With regard to elections, First Nations elections, Lake St. Martin is a victim of this whole process, Lake St. Martin First Nation.

I was a chief there, for six years. I lost out back in 2000. The result of that, the band is spiralling downward into deep recession, as I am sitting here today.

I want to see a better process in our elections because I have seen with open eyes what took place. What takes place in our elections every two years, I see corruption, I see bribery taking place, and mail-in ballots being bought and running around large in the community. It is causing a mentality on the young people when that happens.

Now, young people do not see the other side of this, what it is doing to them. I am concerned for my young people. I am a senior already, but I want to see an end to this. I want to see a process where my band members can go in and vote, cast a ballot, maybe for a term of four years, or whatever they come up with.

As a result of this discrepancy or whatever you want to call it, the bureaucracy, the region sees a weakness in the leadership and they take advantage of this.

As a result of this, we lost a school, we lost school teachers.
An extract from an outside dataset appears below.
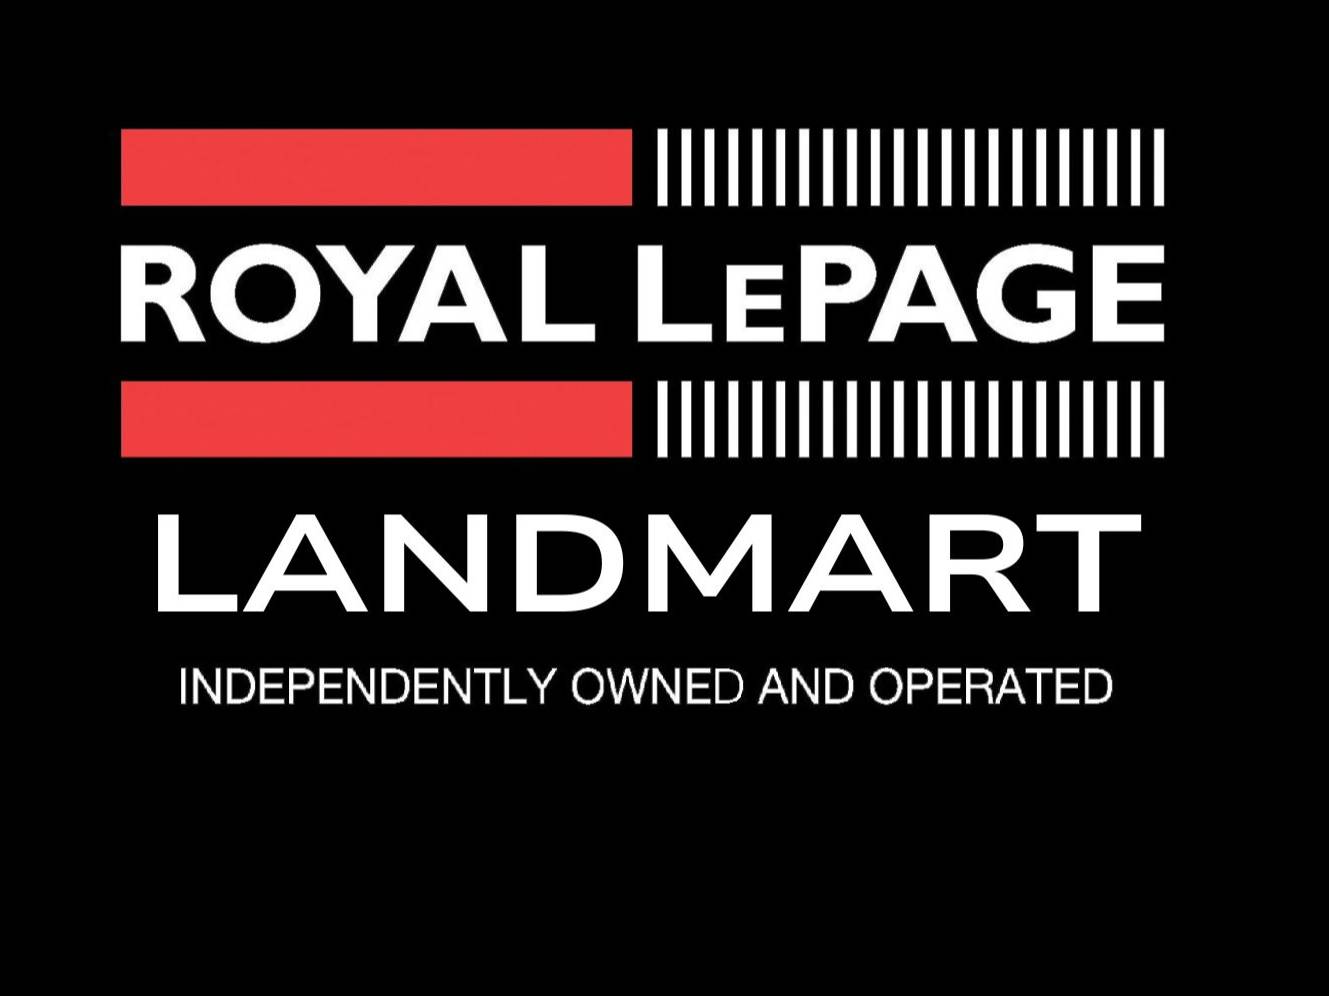 Royal LePage Landmart - 451 MAIN STREET NORTH, MOOSE JAW, SK, S6H 0W5

There is a long list. There is a plot that is supposed to have been negotiated, or already should have been. There should have been a mitigation started on it already, and the issue is still at large.
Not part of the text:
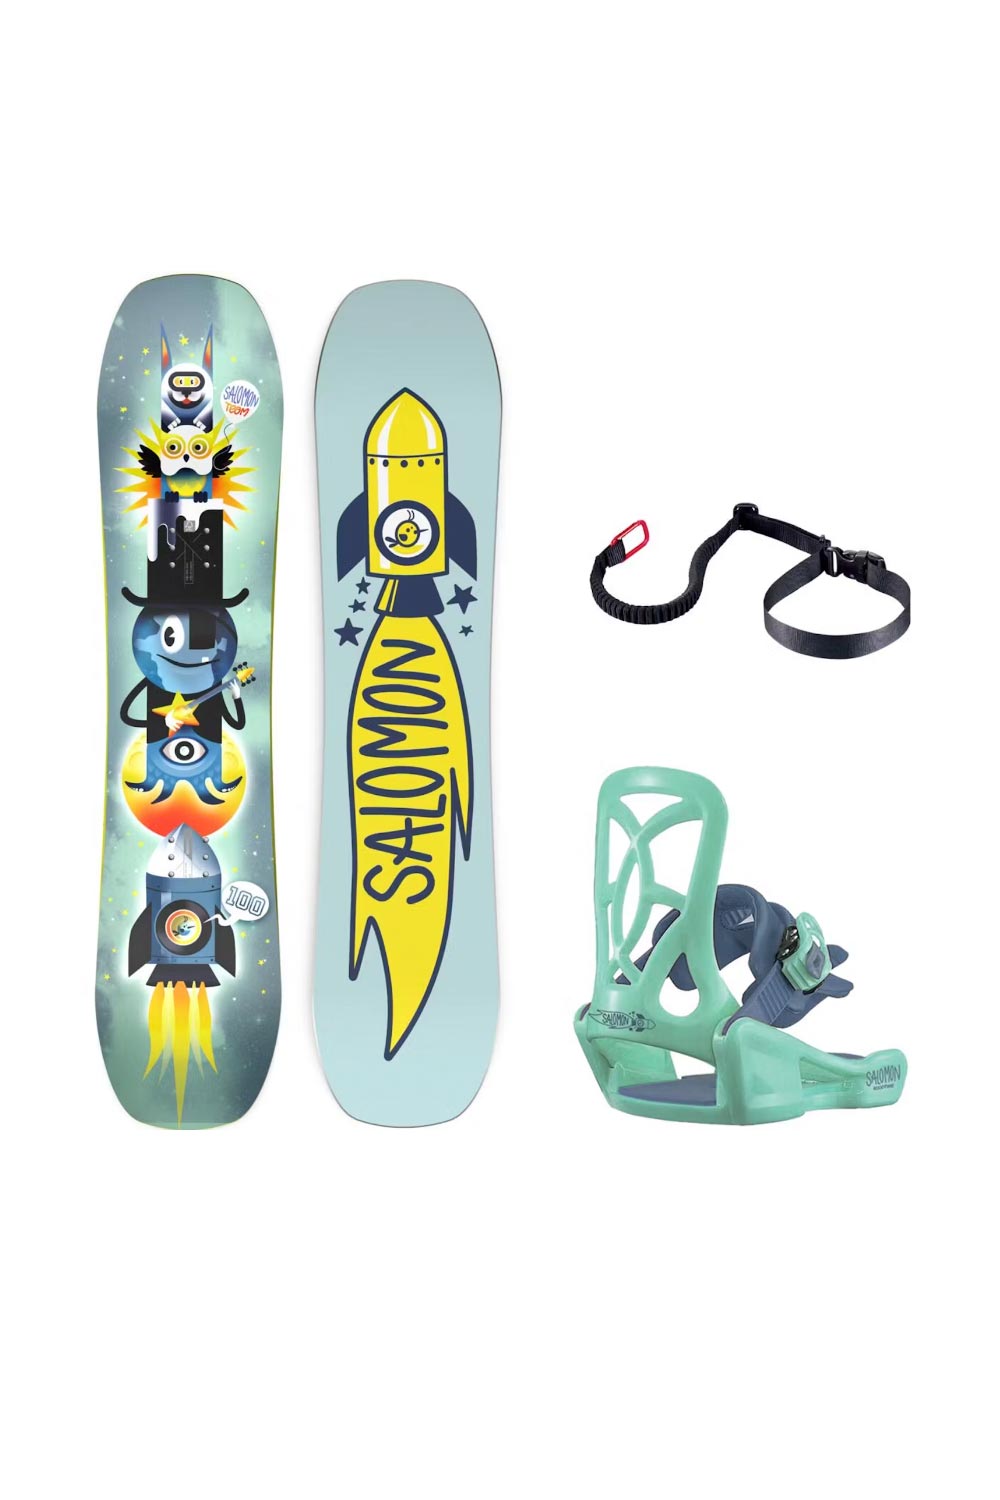 Salomon Team kids snowboard package includes board, bindings and leash

The conditions are horrific environmentally in our community. They are dumping raw sewage, liquid sewage, in a former school lagoon, and there is bacteria spilling into the ditches and it ends up on the highways and our young people, our children, are exposed to it.

This all relates back to the election. I did what I could for my community.

Now the people, because of this rampant election buying running wild in the community, it has destabilized the community. Our community is not stable at all economic-wise or social-wise, as it continues the down spiral of suicides, anything. I would like to see stability in my community and let the people start healing.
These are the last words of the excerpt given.